むしろ出やすいのは、仕事で質問する側に立っている人です。営業のヒアリング。部下との一対一の面談。打ち合わせでの要件確認。医療や士業の問診・相談対応。こうした仕事では、自分のことを話さず、相手から的確に聞き出すことが職業上の礼儀です。自分語りを挟まずに要点を聞き切る技術は、キャリアの中で磨かれ、身体に入っています。

その礼儀を、そのままお見合いに持ち込むとどうなるか。的確で、無駄がなく、失礼のない「ヒアリング」が完成します。仕事なら満点の振る舞いが、この場では一方通行の尋問として届く。

自分がこの型に入っているかどうかは、当日のサインで分かります。相手の答えを聞きながら、頭の中で次の質問を組み立てている。会話が途切れないよう、手持ちの質問の残数を数えている。相手の話を「情報」として整理し始めている。どれも仕事では正しい動きで、そして、どれも面接の動きです。

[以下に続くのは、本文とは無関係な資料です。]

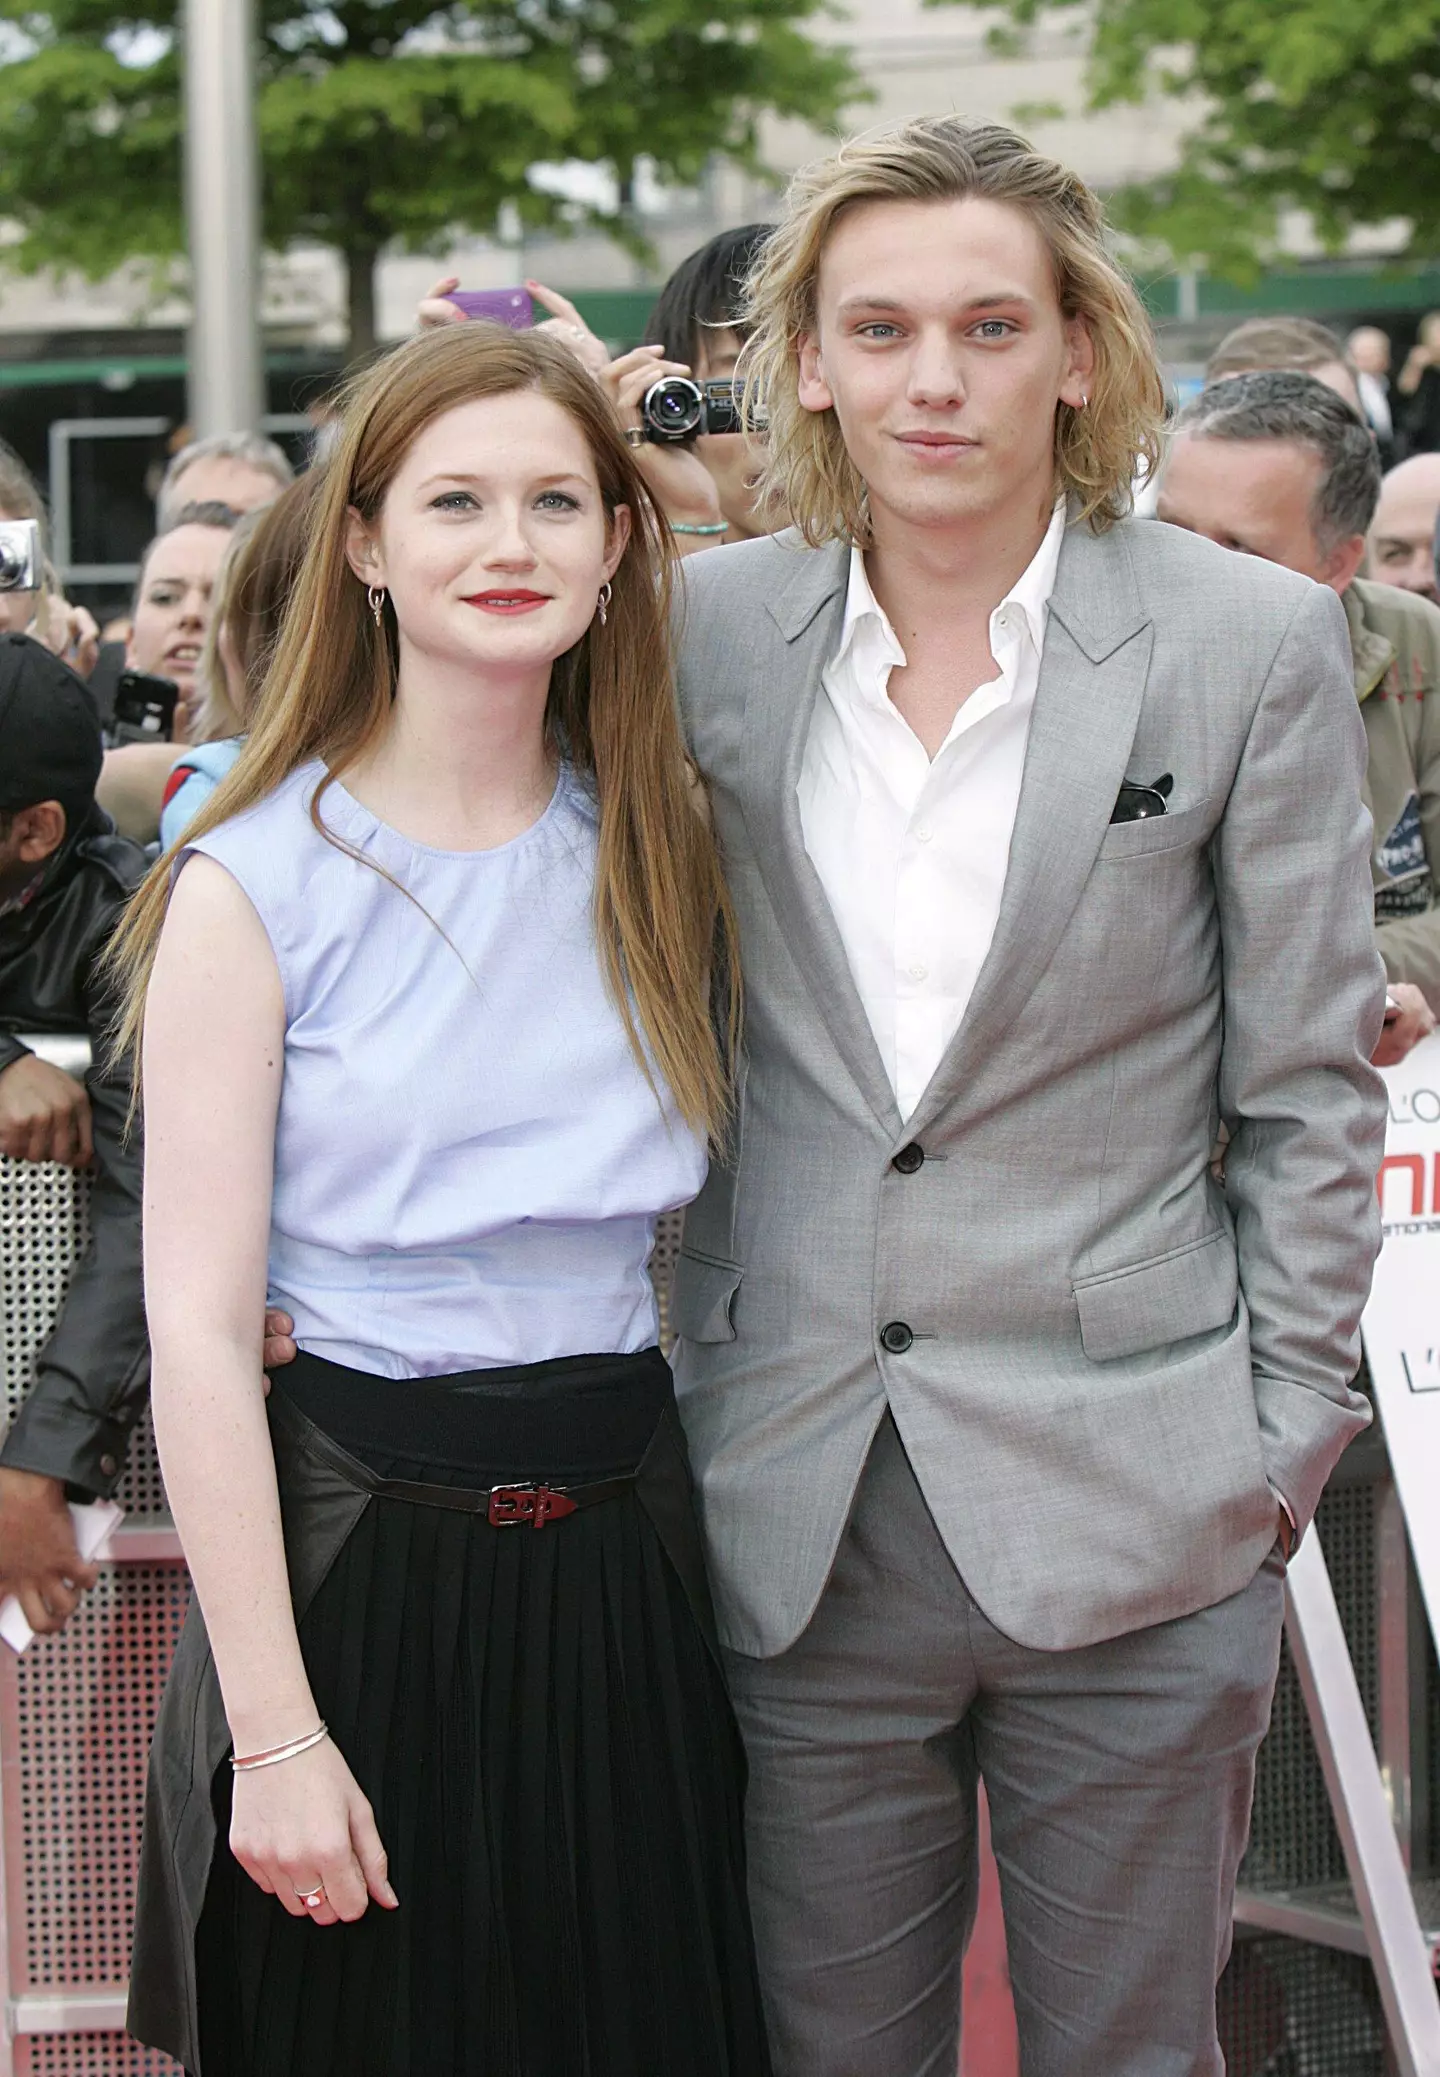 Bonnie, 31, was engaged to fellow actor Jamie Campbell Bower after they met filming The Deathly Hallows Part 1.

だからこれは、能力の問題ではありません。場面の切り替えの問題です。仕事のできる人ほど陥りやすく、そして本人は「ちゃんと聞けた」という手応えすら持って帰ってくる。お見合いの結果と自己評価がずれ続けている方は、一度ここを疑ってみてください。

3. 直し方は一文の先出し

やることはひとつだけです。質問の前に、自分のことを一文だけ先に話す。

  • 「休日は何をされていますか」→「休みの日は映画を観ていることが多いんですが、◯◯さんは何をされてますか」
  • 「お酒は飲まれますか」→「私はビールを少し飲むくらいなんですが、◯◯さんは飲まれますか」
  • 「ご兄弟はいますか」→「私は姉がいて、昔から頭が上がらないんです。◯◯さんはご兄弟いますか」

聞いている内容は同じです。変わったのは、自分のことを一言先に話したことだけ。

これで2つのことが起きます。まず、相手は答える基準をもらえます。「ビールを少し」と先に言われれば、「私はほとんど飲まなくて」と返しやすい。基準のない「お酒は飲まれますか」は、実は答えにくい質問です。どのくらい正直に言うべきか、相手の期待が見えないからです。

次に、話す量が釣り合います。こちらが一言話して、相手からも一言もらう。この往復が続くかぎり、どれだけ質問しても面接にはなりません。

同じ2分間が、順番でどう変わるか。並べてみます。

変える前。「休日は何を?」「読書です」「どんな本を読まれるんですか」「ミステリーが多いです」「他には何か」と続きます。2往復と質問1つで、相手の情報は2枚出て、こちらの情報はゼロです。

変えた後。「休みの日は映画を観ていることが多いんですが、◯◯さんは何をされてますか」「私は読書が多いですね」「いいですね。私は活字だと眠くなってしまって。どんな本を読まれるんですか」「ミステリーが多いです」と返ってきます。同じ2往復でも、こちらのことも2つ伝わっています。相手から「映画は何を観るんですか」と聞き返される足場もできている。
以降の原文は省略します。